■ Description of the task
The pictures are to be left out when the listing below is reproduced word for word.

■ Recorded information
◆ ◆ ◆
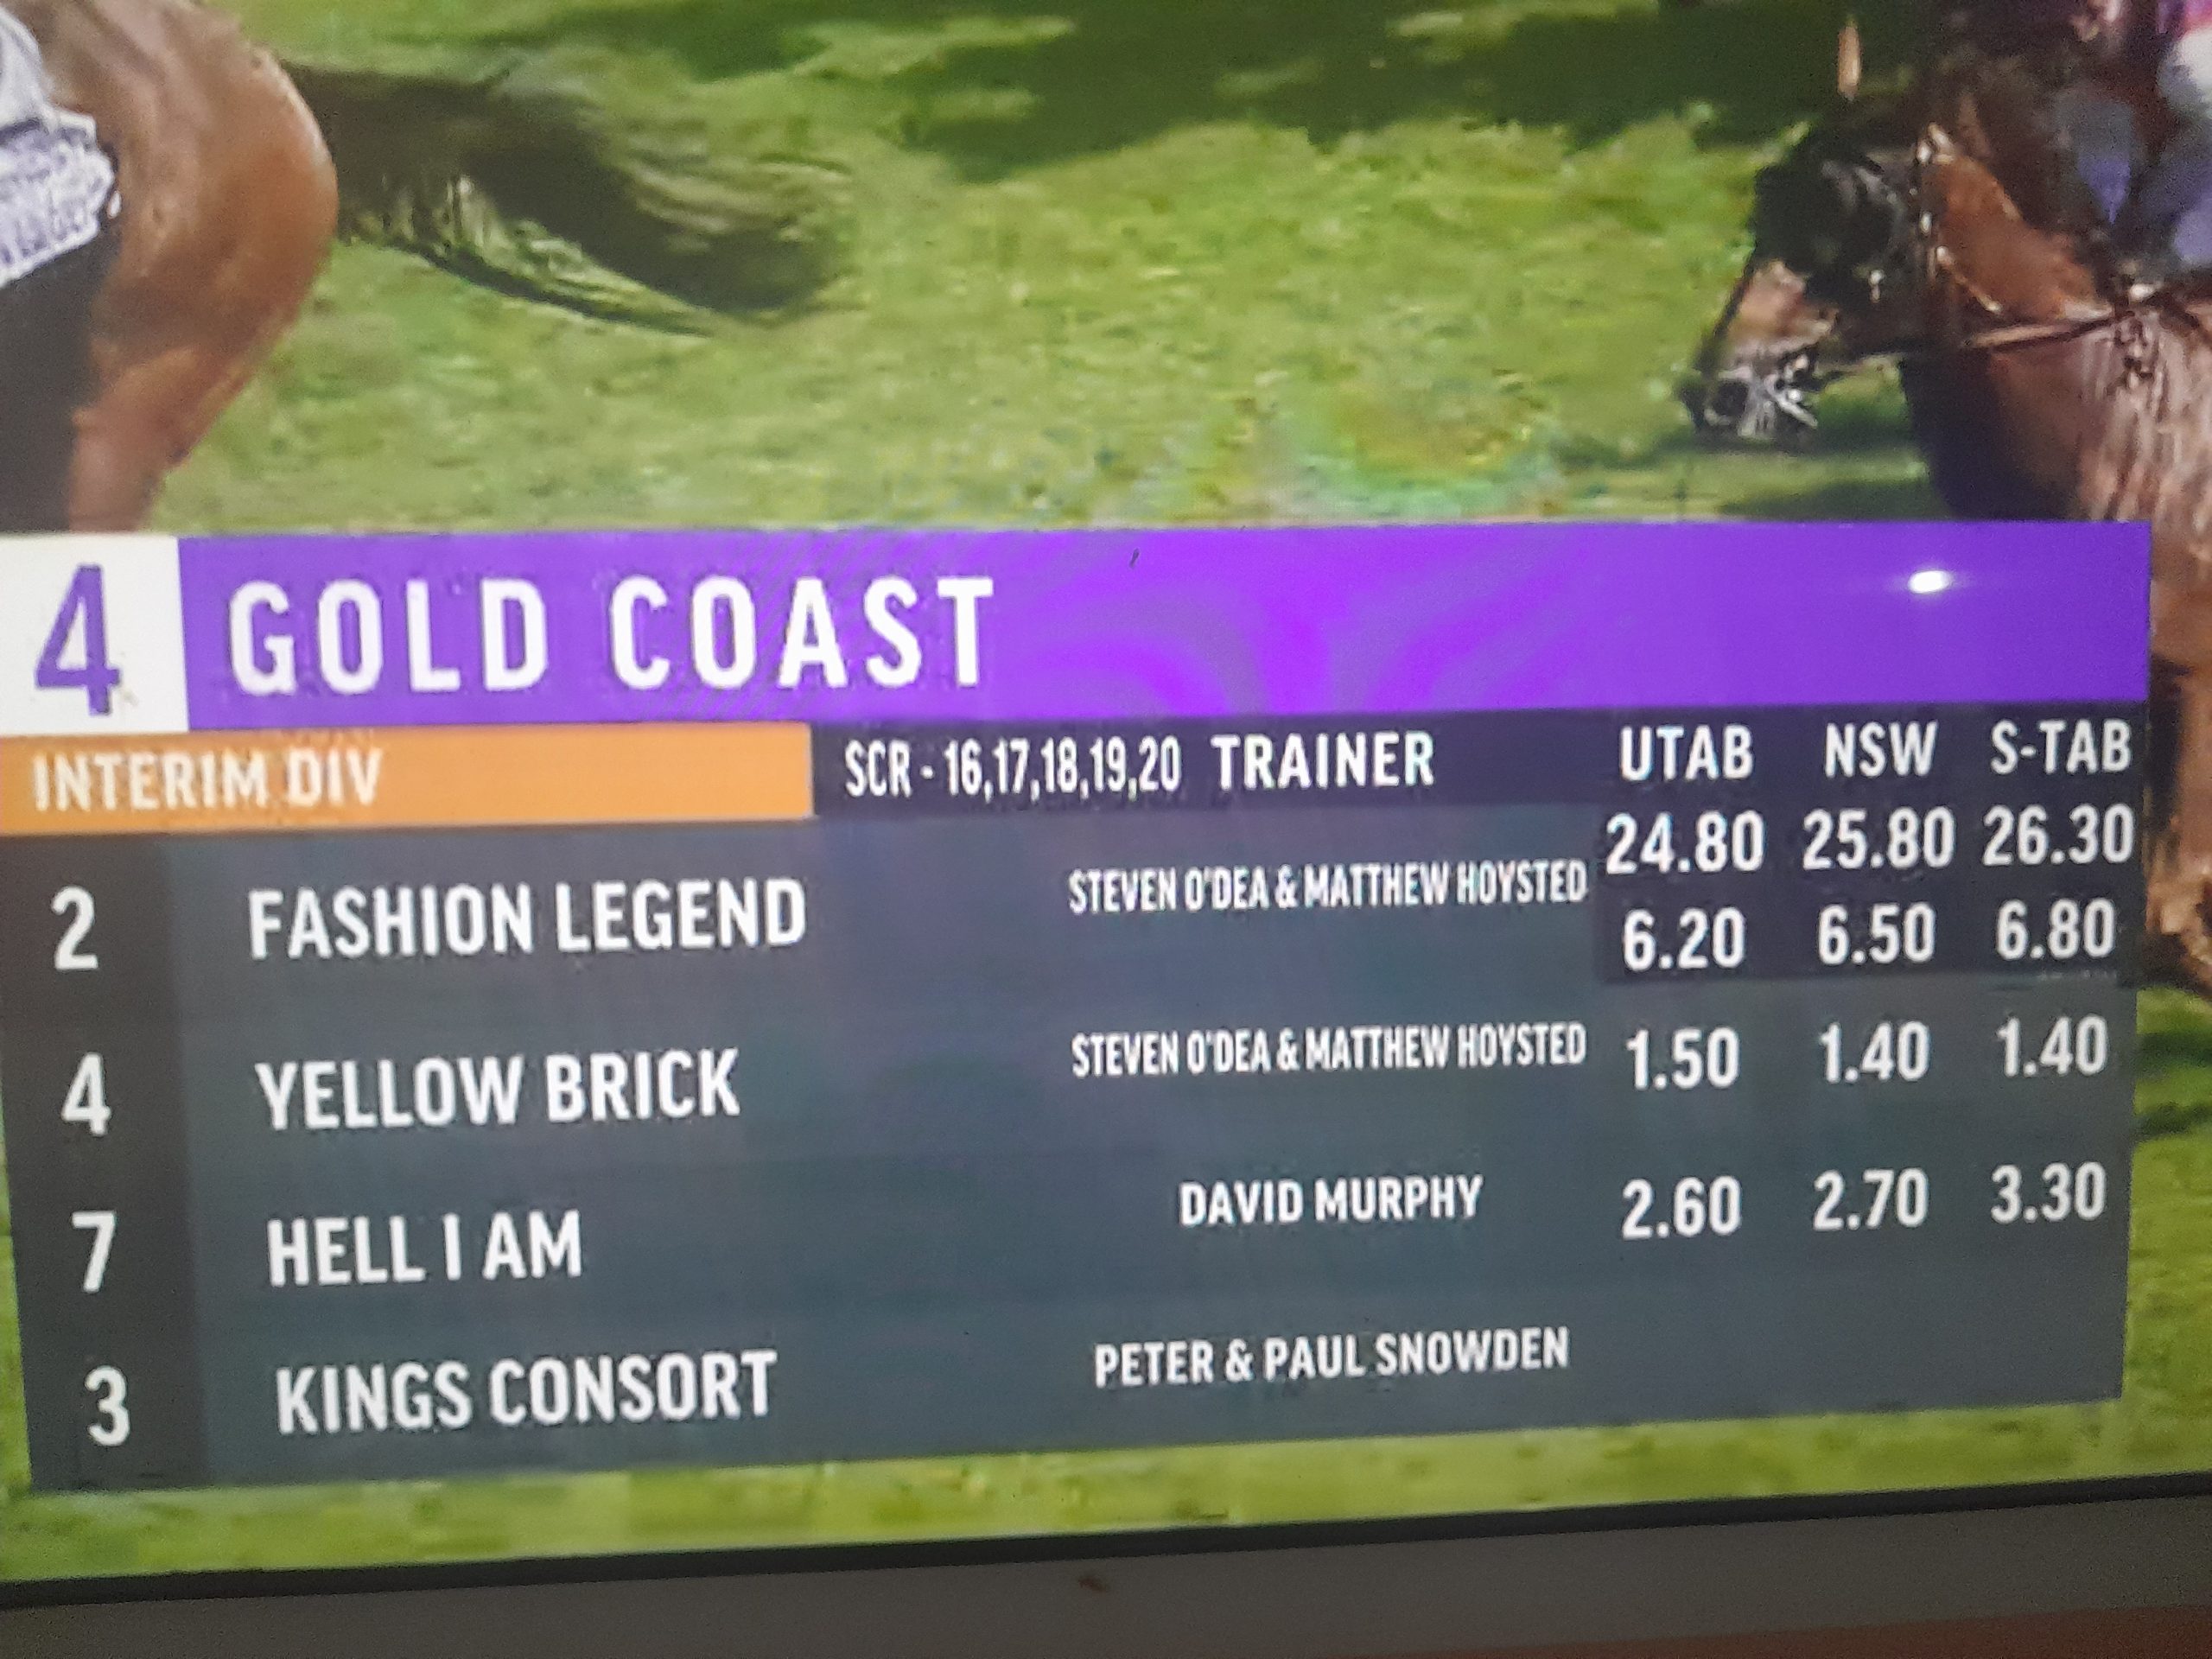 We Didn’t Have to Wait Long to Nail the Quaddie! – And We Got the 5th Leg of the Pick Six – Just One More to Go!
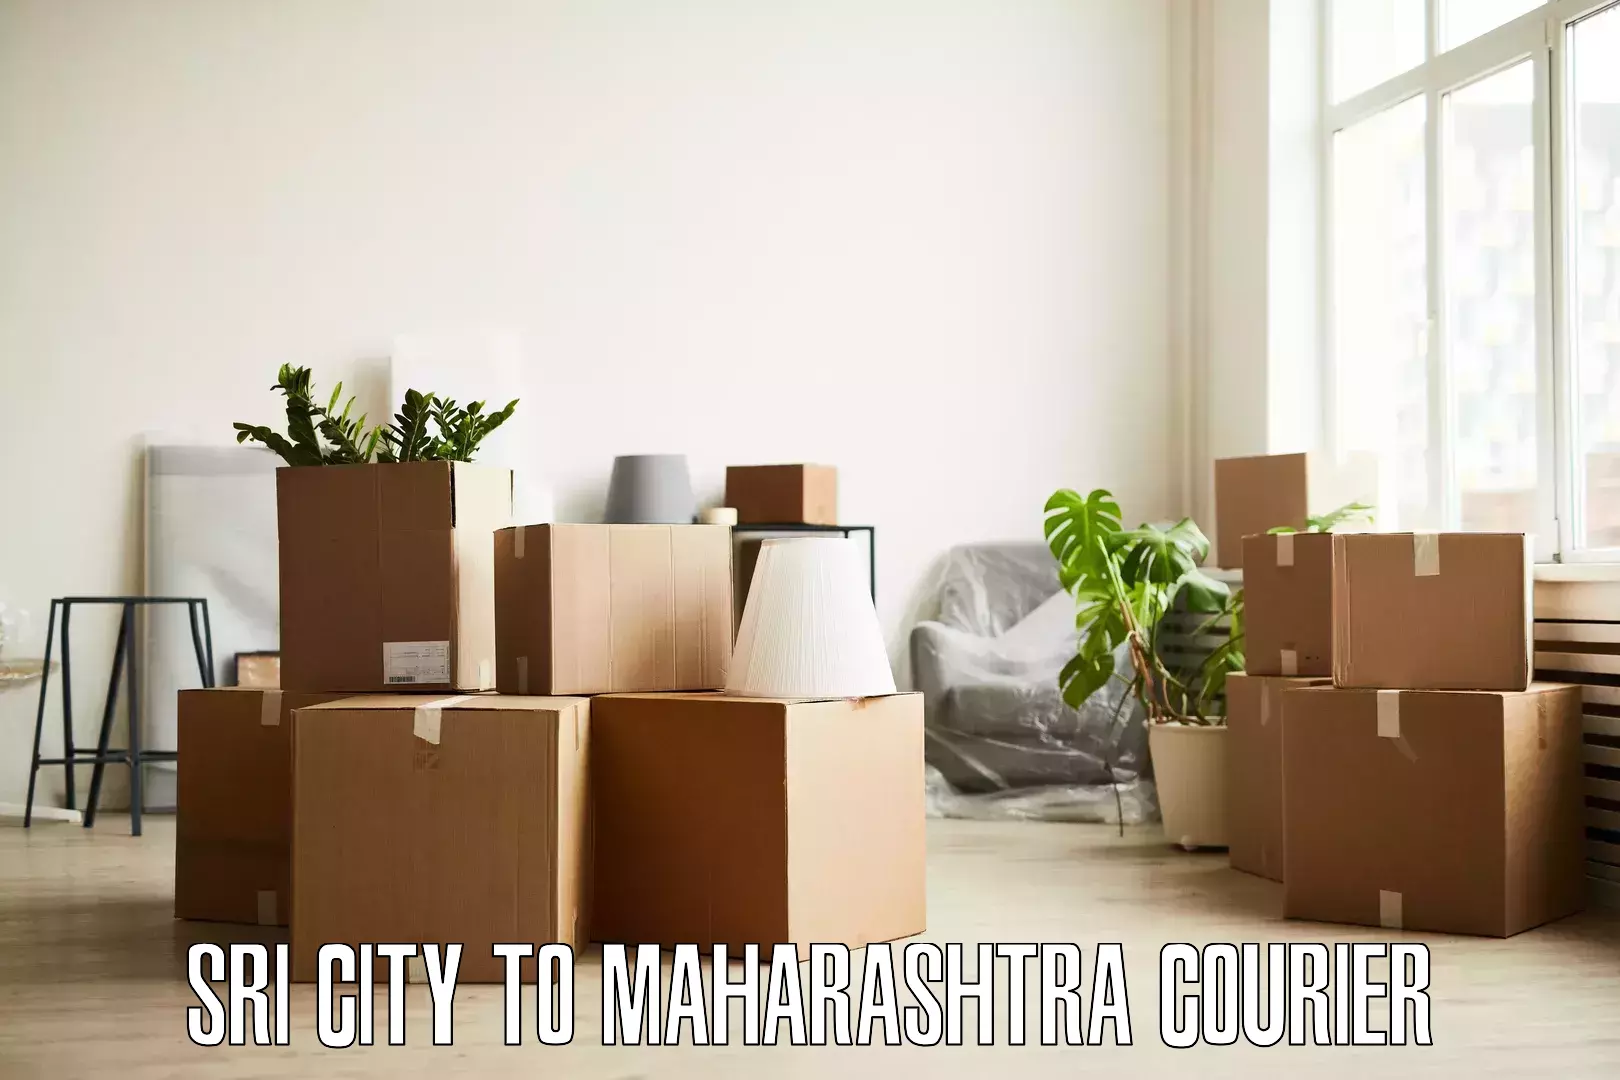 Moving and handling services Sri City to Paratwada
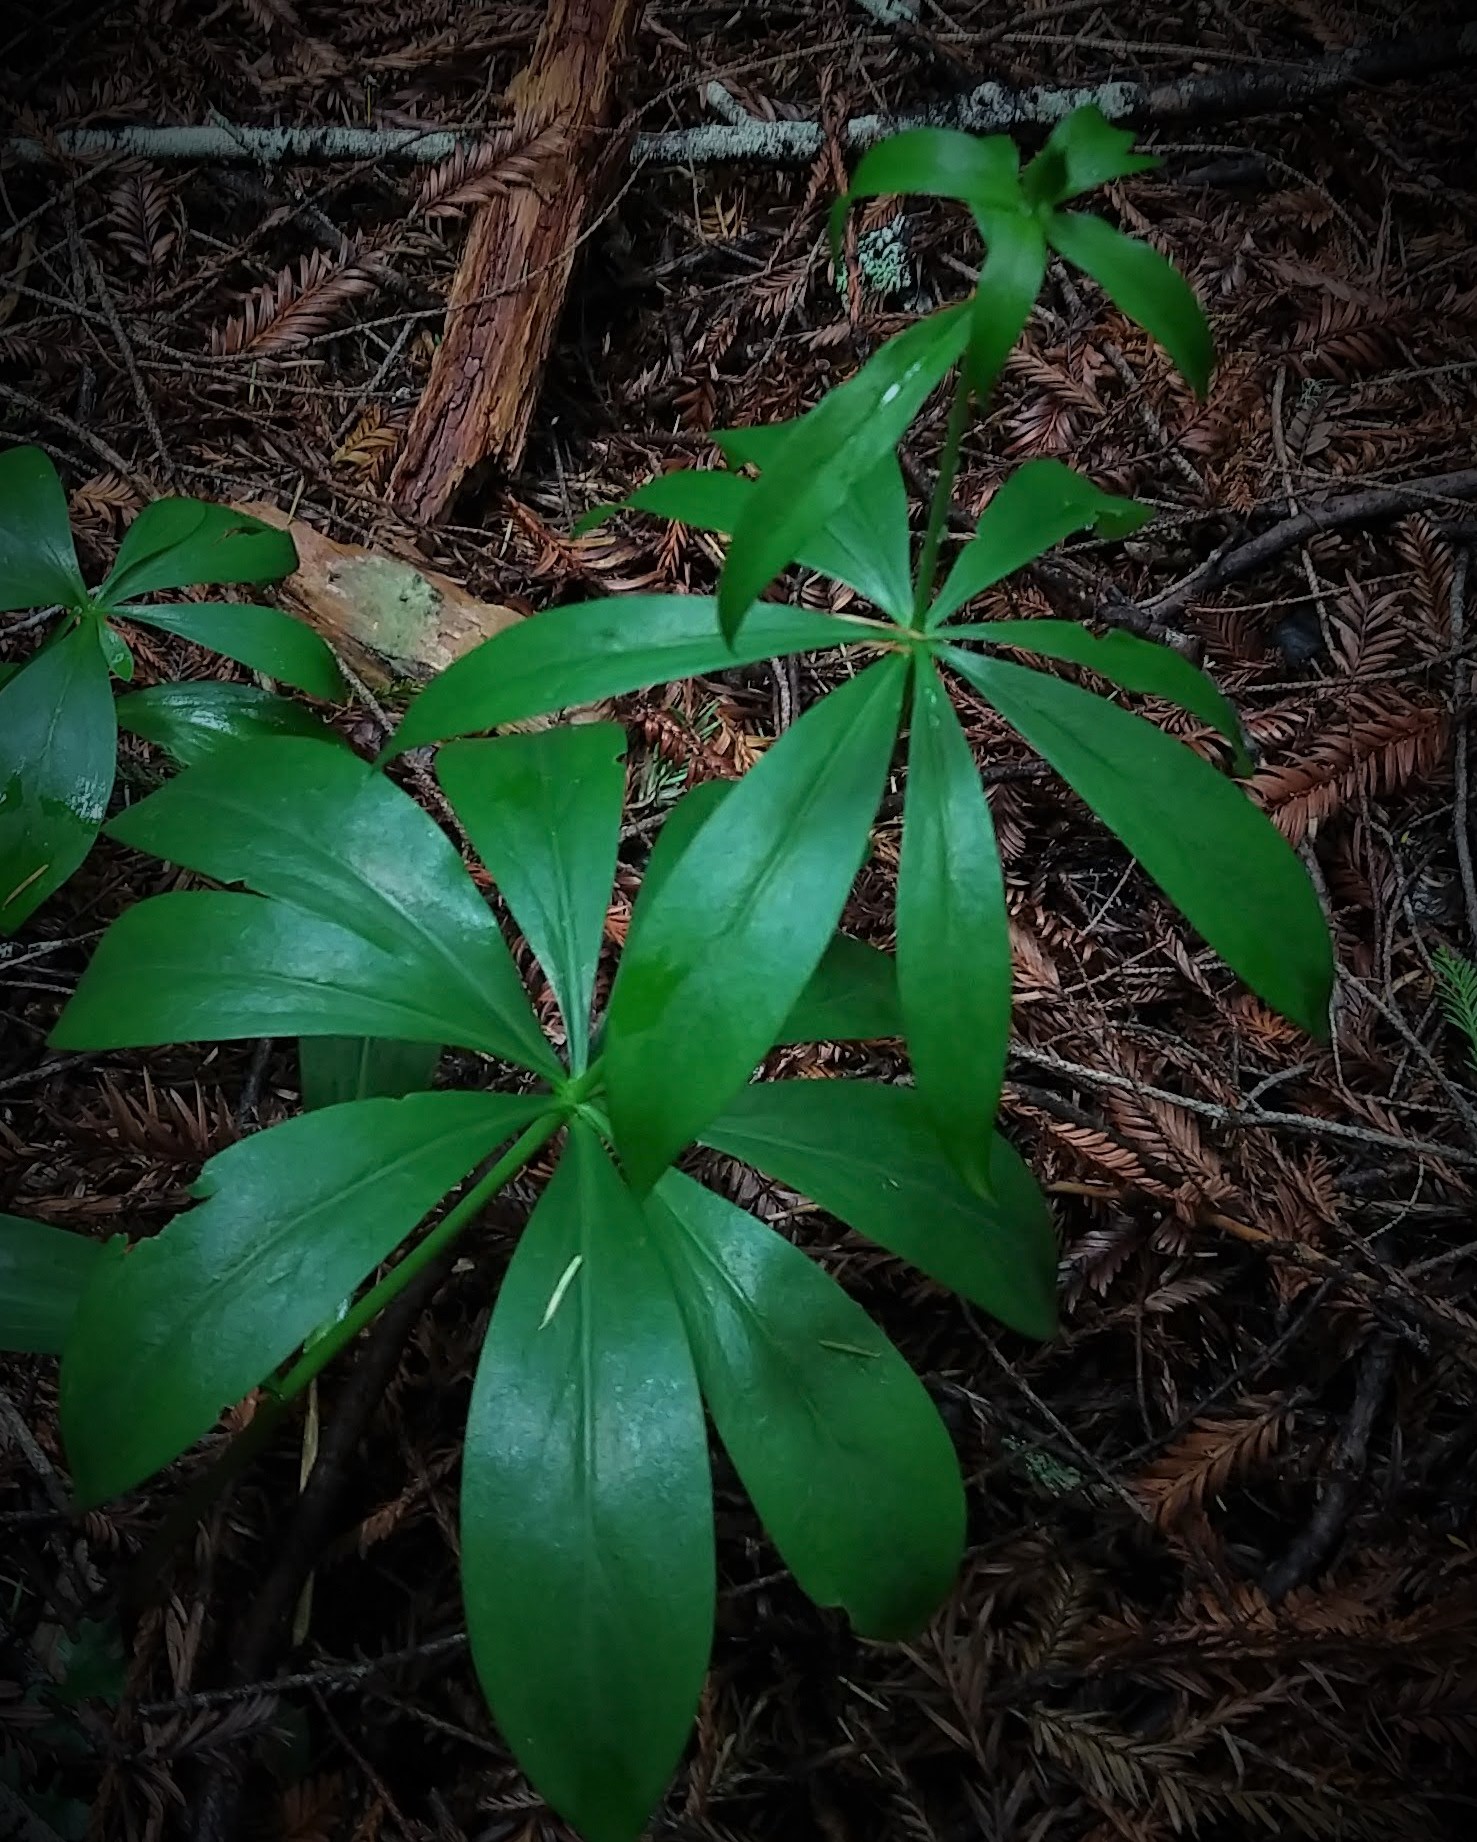 A plant with whorled leaves
◆ ◆ ◆
■ Answer box
 We Didn’t Have to Wait Long to Nail the Quaddie! – And We Got the 5th Leg of the Pick Six – Just One More to Go!
 Moving and handling services Sri City to Paratwada
 A plant with whorled leaves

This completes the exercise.